This study was done at a large healthcare system based in Charlotte, NC. The system is based at the same hospital where I did my residency in Internal Medicine about a billion years ago. OK, maybe it was only thirty-two years ago, but it feels like another lifetime. This hospital system has a robust Addiction Medicine department now, led by Dr. Stephen Wyatt, an addictionologist of national and perhaps international renown, who co-wrote this study.

The article began by reminding us of the recent increase in morbidity and mortality with opioid use disorder. Then it cited another article that I have written about (see my blog of January 23, 2016) authored by Larochelle et al., 2015, where it was found that in patients who survived an opioid overdose, 91% resumed opioid prescription within the next nine months.

Based on those previous findings, this study proposed to examine the prevalence of prior overdose among patients being prescribed benzodiazepines and/or opioids, and to examine patient and healthcare characteristics in these circumstances.

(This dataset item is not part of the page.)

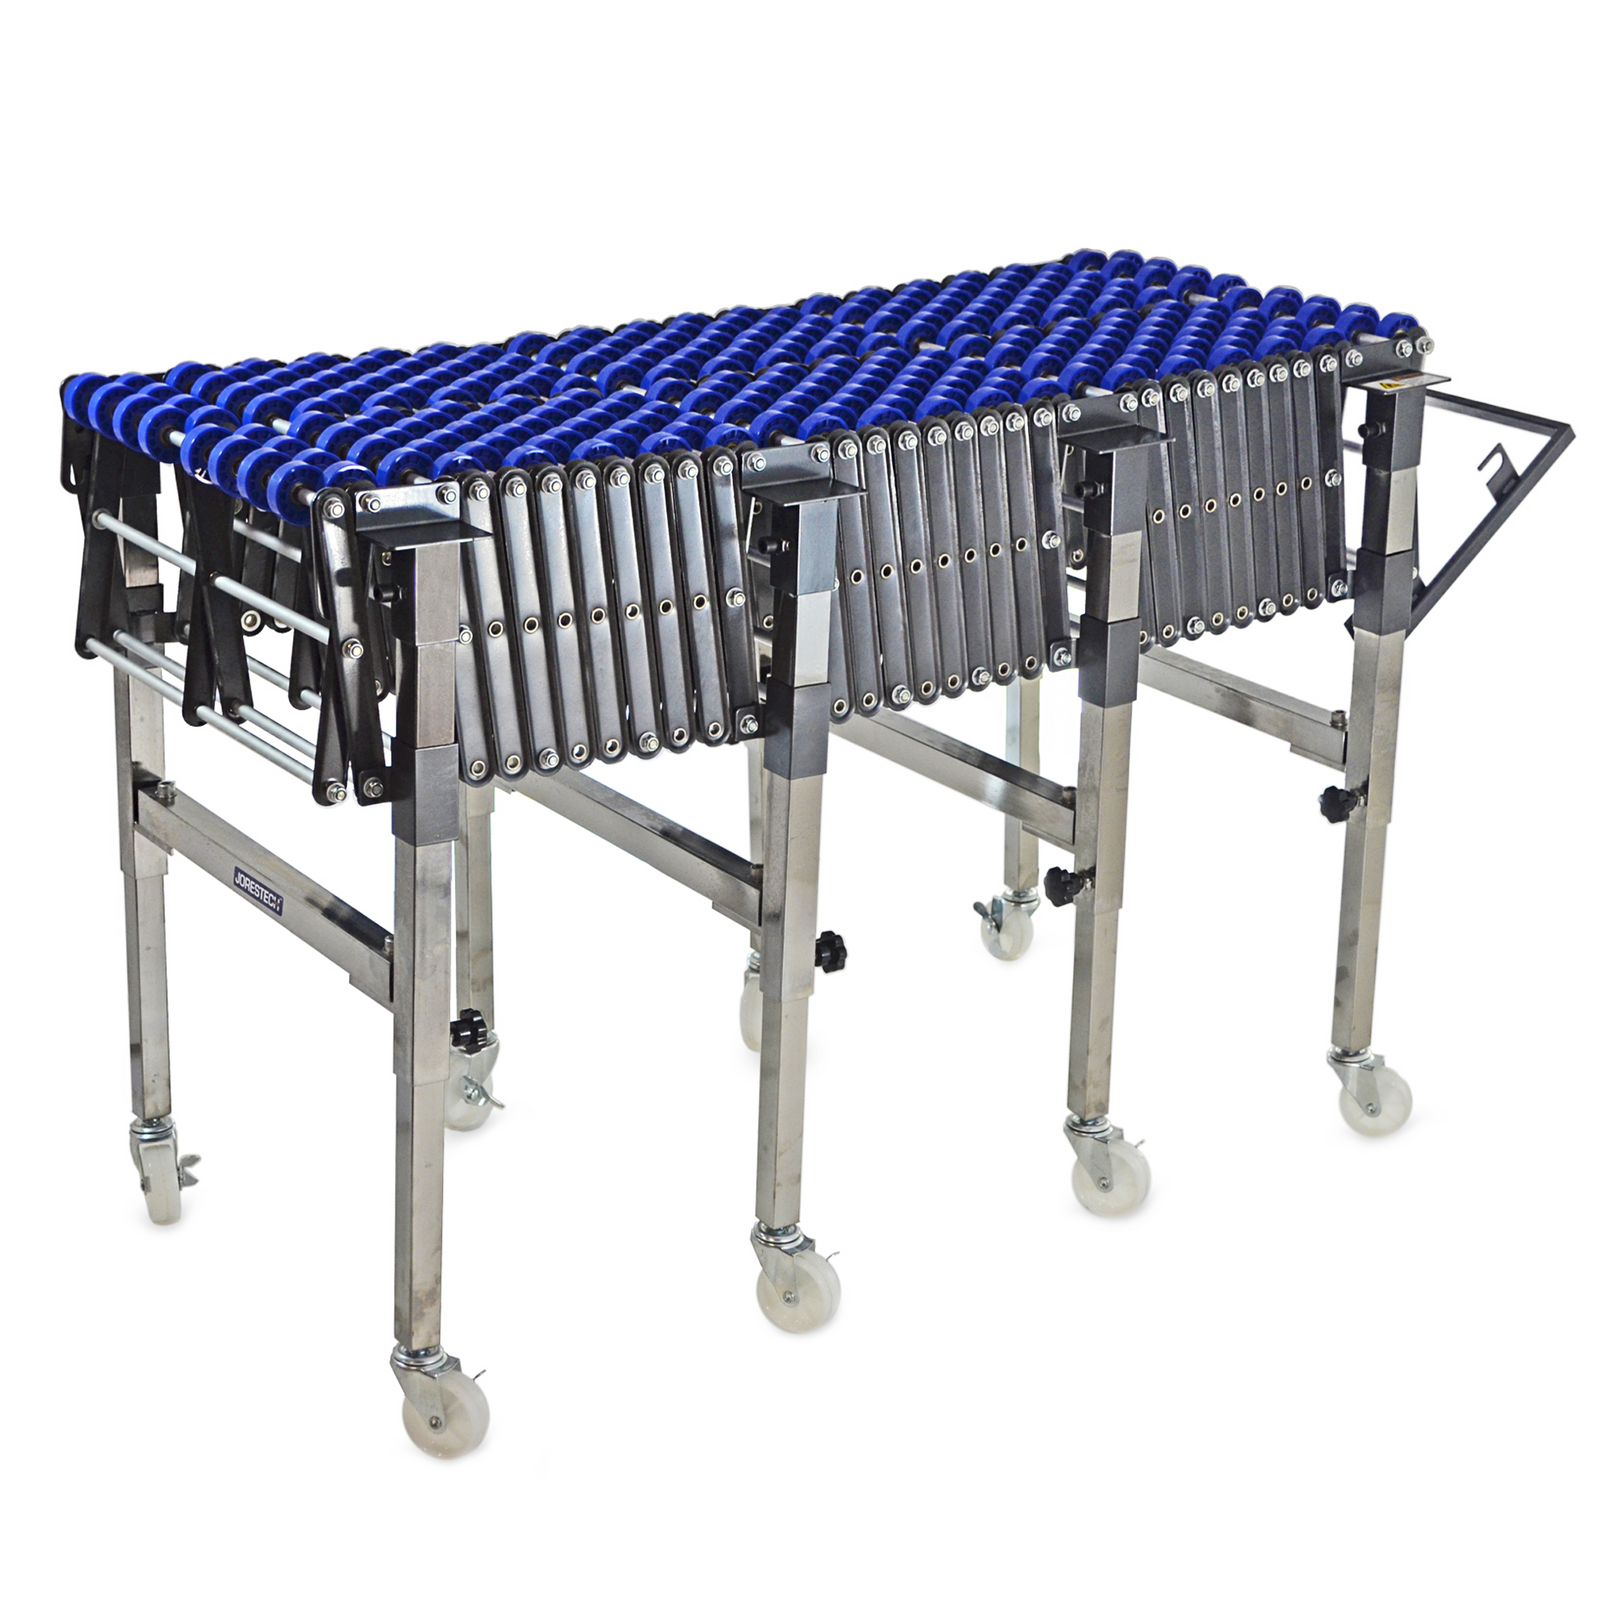 JORES TECHNOLOGIES® gravity skate wheel conveyor in a compressed position with steel frame, blue wheels, and rolling casters

The study found 543 patients with prior opioid or benzodiazepine overdose history who were prescribed benzodiazepines or opioids during the designated month of the study. All the providers involved in this study use the same electronic medical record (EMR) which contained information about prior overdoses from 2007 forward, though no specific alerts appeared in the EMR.

Interestingly, opioids were involved in just under half of the overdose episodes among these identified patients, and benzodiazepines without opioids were involved in just over half of the overdoses.

Most of the identified patients received opioid or benzodiazepine prescriptions within two years of their documented overdose. Opioids accounted for around 72% of these prescriptions, with benzodiazepines accounting for around 23%, and 5% of the patients got both an opioid and a benzodiazepine, which is a particularly worrisome combination.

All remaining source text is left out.